Friday, January 13, 2017

1326 - Lock Picking


Today is Friday the Thirteenth, and the thirteenth day of every month is Ungood Art Day on JSVB.  It's where I present art that I made that started out well enough, but through certain techniques or choices, turned out less than good: Ungood. 

In this instance, I take a piece and make it ungood and then struggle to make it good again.  A few days ago, I had commented on a lock I was drawing, and how I had spent an hour and a half working on the metal loop on top, and this with the whole piece being maybe a couple of inches stall.  So for Ungood Art Day, I decided to show all my work.  

The image at the top left is the pristine reference image, which I cleaned up in Photoshop using a high-pass filter.  Then I painted on top of the image to add some detail.  The lock on the bottom left is the final result, with all the other locks in between being iterative saves.  
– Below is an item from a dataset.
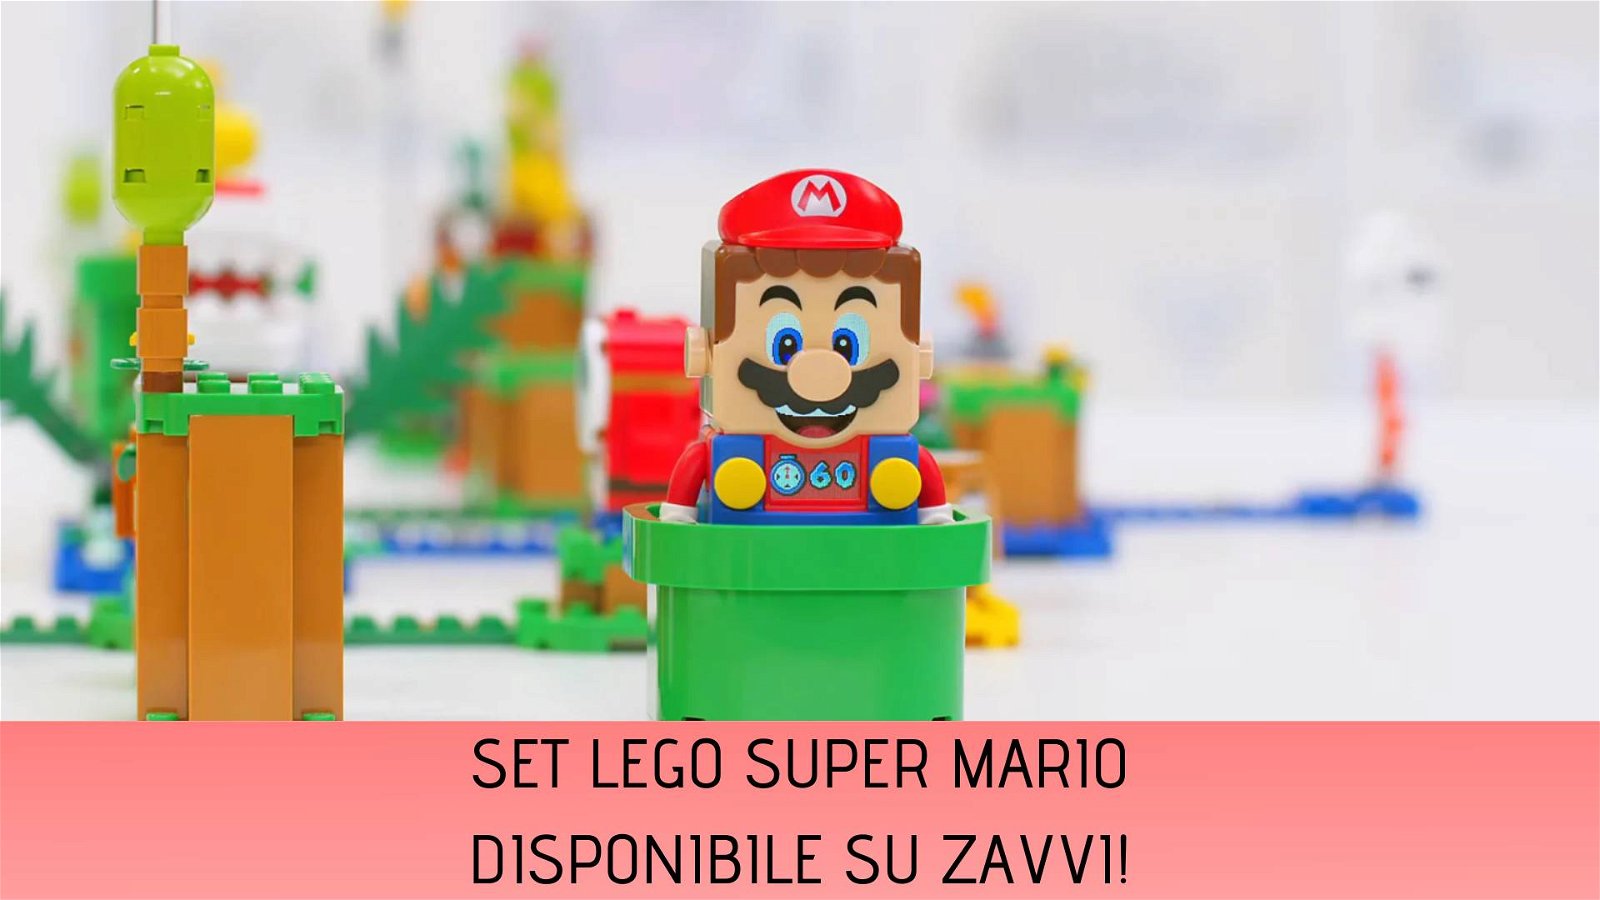 Immagine di LEGO Super Mario con pack espansione in regalo disponibile su Zavvi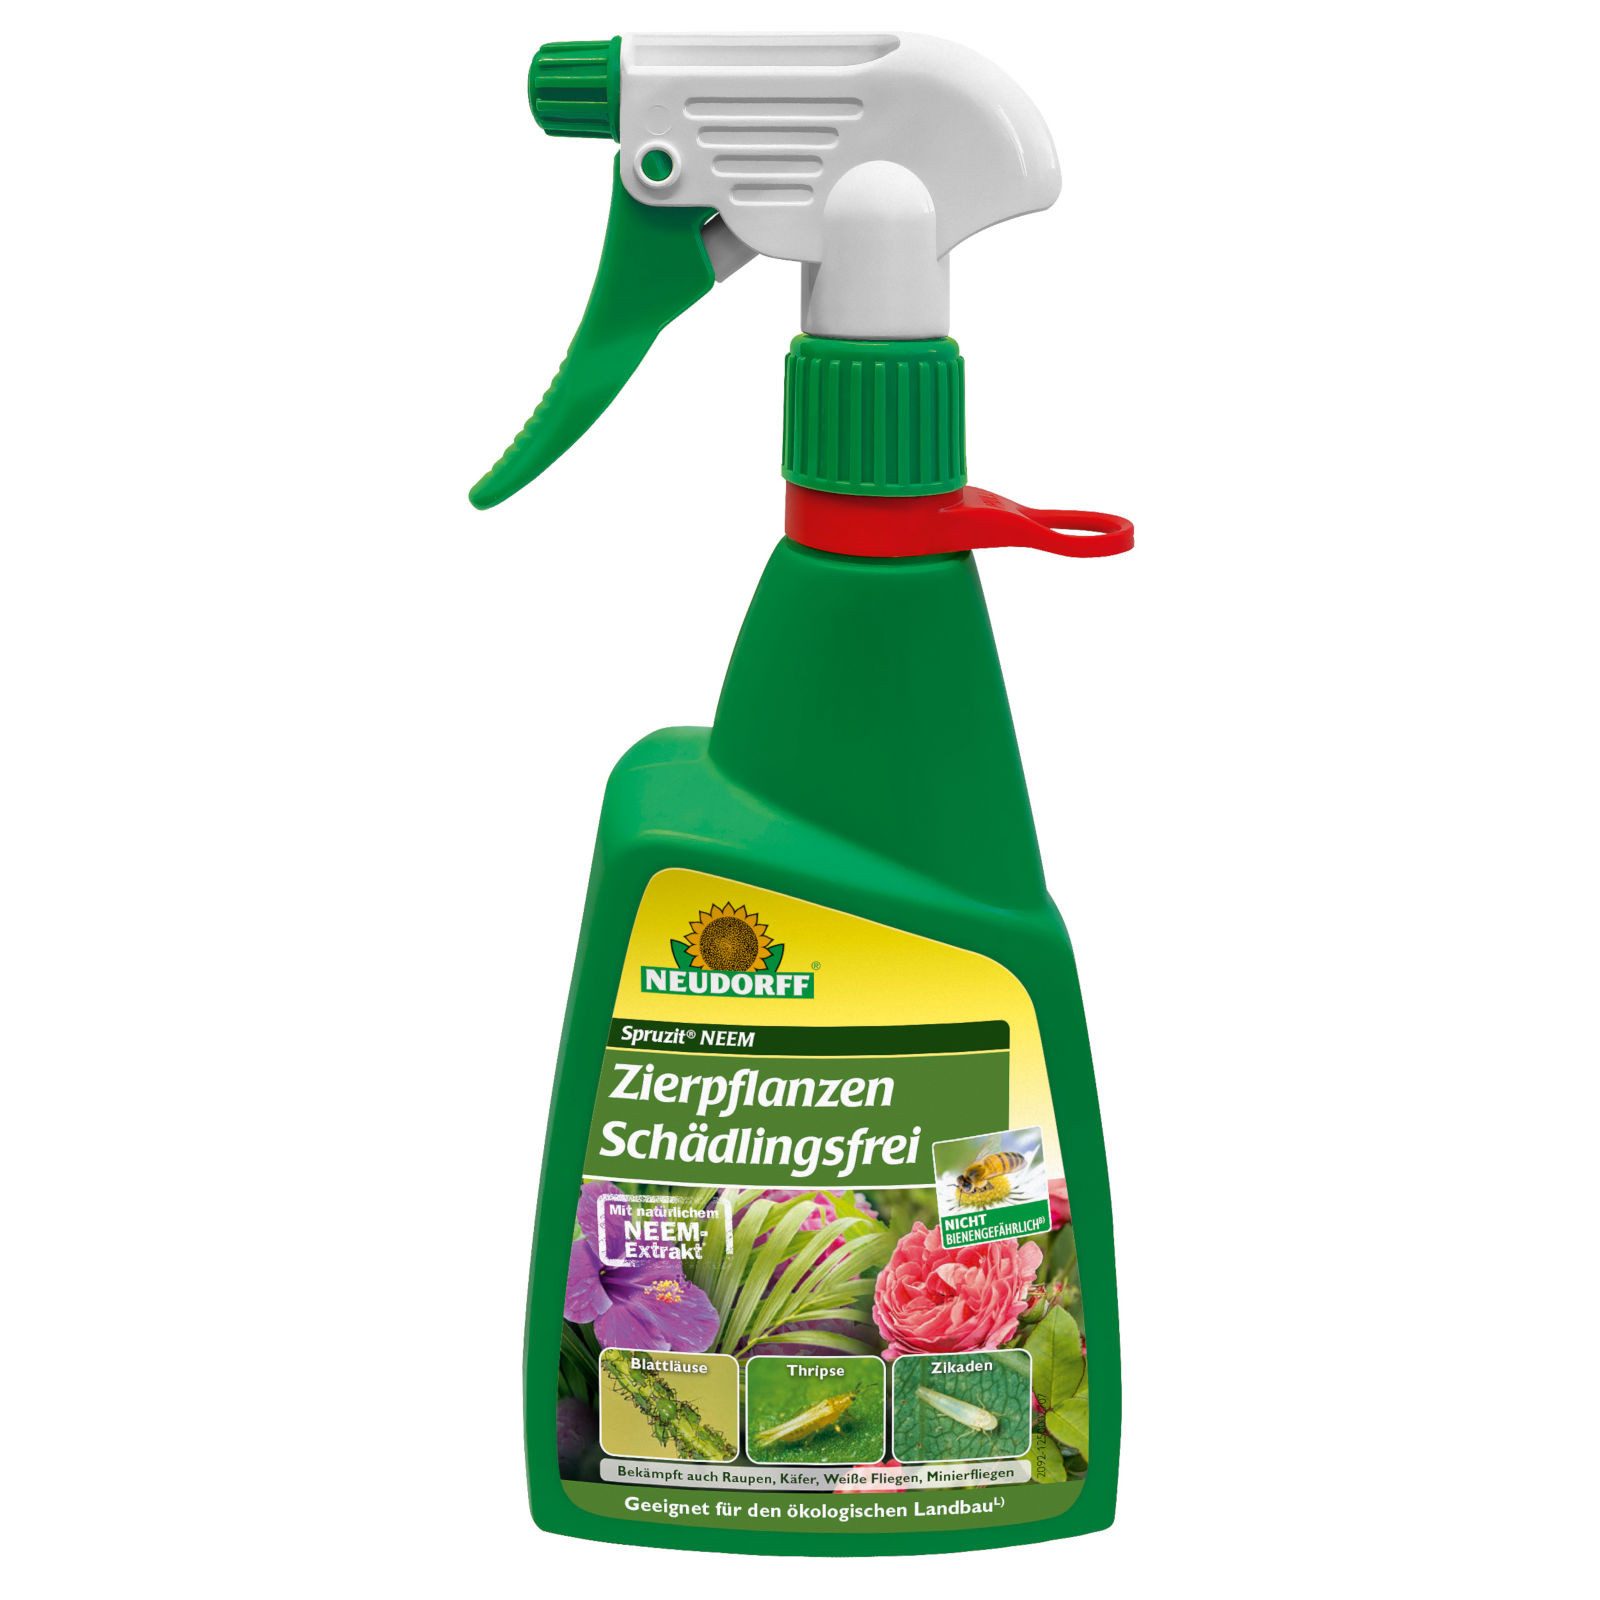 Neudorff Insektenvernichtungsmittel Spruzit NEEM Zierpflanzen Schädlingsfrei - 450 ml

I recall reading an article on  Katsuhiro Otomo, the master manga artist, and his ambivalence towards whiting-out mistakes.  Absolutely as he inked, a line would go astray, and he'd brush on some correction fluid to cover the error.  Then the line would go wrong again, and he'd correct the correction.  Sometimes, the errors would be so bad that there would form a mound of white-out that had built up and encrusted upon the artwork like a miniature Mount Fuji.  An epic centimeter-tall mound of corrections meant that the paper had to be handled carefully lest the dried fluid crack and break off.  

With Photoshop I can put each correction on its own layer, and then simply make the mistakes go invisible.  If I save all my layers and bring them back one by one, I can show my progress, like in the piece above.  I admit, though, that when you look at the locks shrunk down for JSVB, they all look mostly the same, and the piece looks like modern art.